Dark Souls II is not just a sequel. It is also a game that is fundamentally about coming after, about following up, and it meditates on the difficulty of continuation after a story is supposedly finished. The game’s plot, which has the player searching for the powerful King Vendrick, reaches its culmination when we find him in a dark tomb. He’s gone hollow, and his mind has completely left him; he’s a husk, and we find out that it is precisely because he realized that he was in a sequel. He was living in the after, and after him there will be more, more game, more time. In response to that, he gave up, and had no interest in continuing.
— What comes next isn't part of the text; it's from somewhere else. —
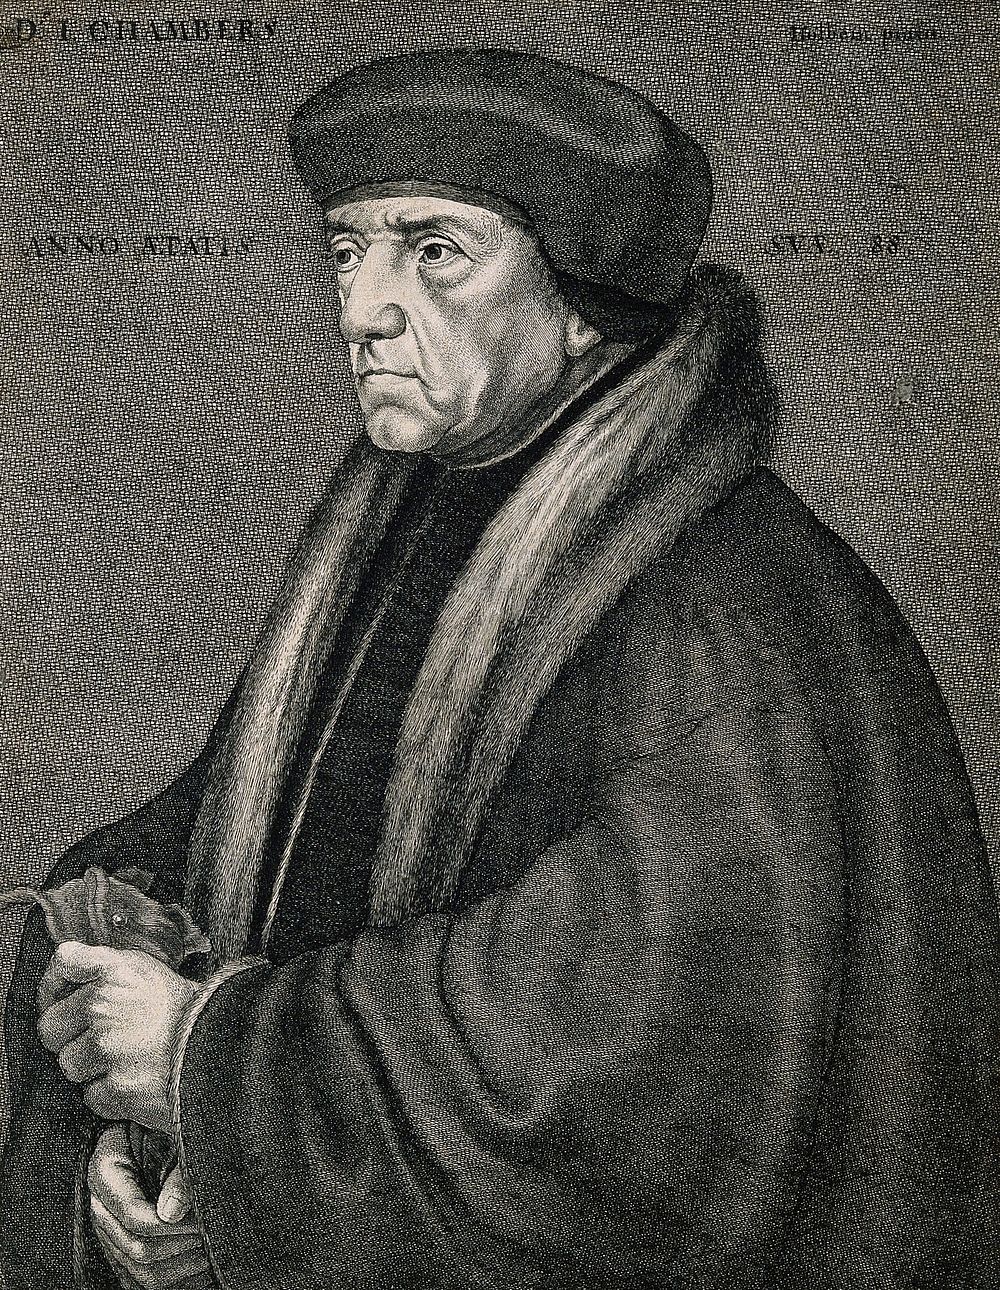 Sir John Chambers [Chambre]. Etching by W. Hollar, 1648, after H. Holbein, 1543.

The Dark Souls franchise, of course, continued to march forward. The third game in the series is supposedly the last. But it is hard to play that sequel, or any sequel, with the knowledge that we are all King Vendrick in some way. We’re locked in the tomb of repetition, playing cycle after cycle, open world after open world, monetization strategy after monetization strategy, spiraling further down a drain of negotiated consumption. We are chasing the same gameplay experiences again and again, all of which are designed by an industry of that is doing the same, and I often wonder when you or I will finally give up, exhausted, unable to fork over any more attention to the grist mill.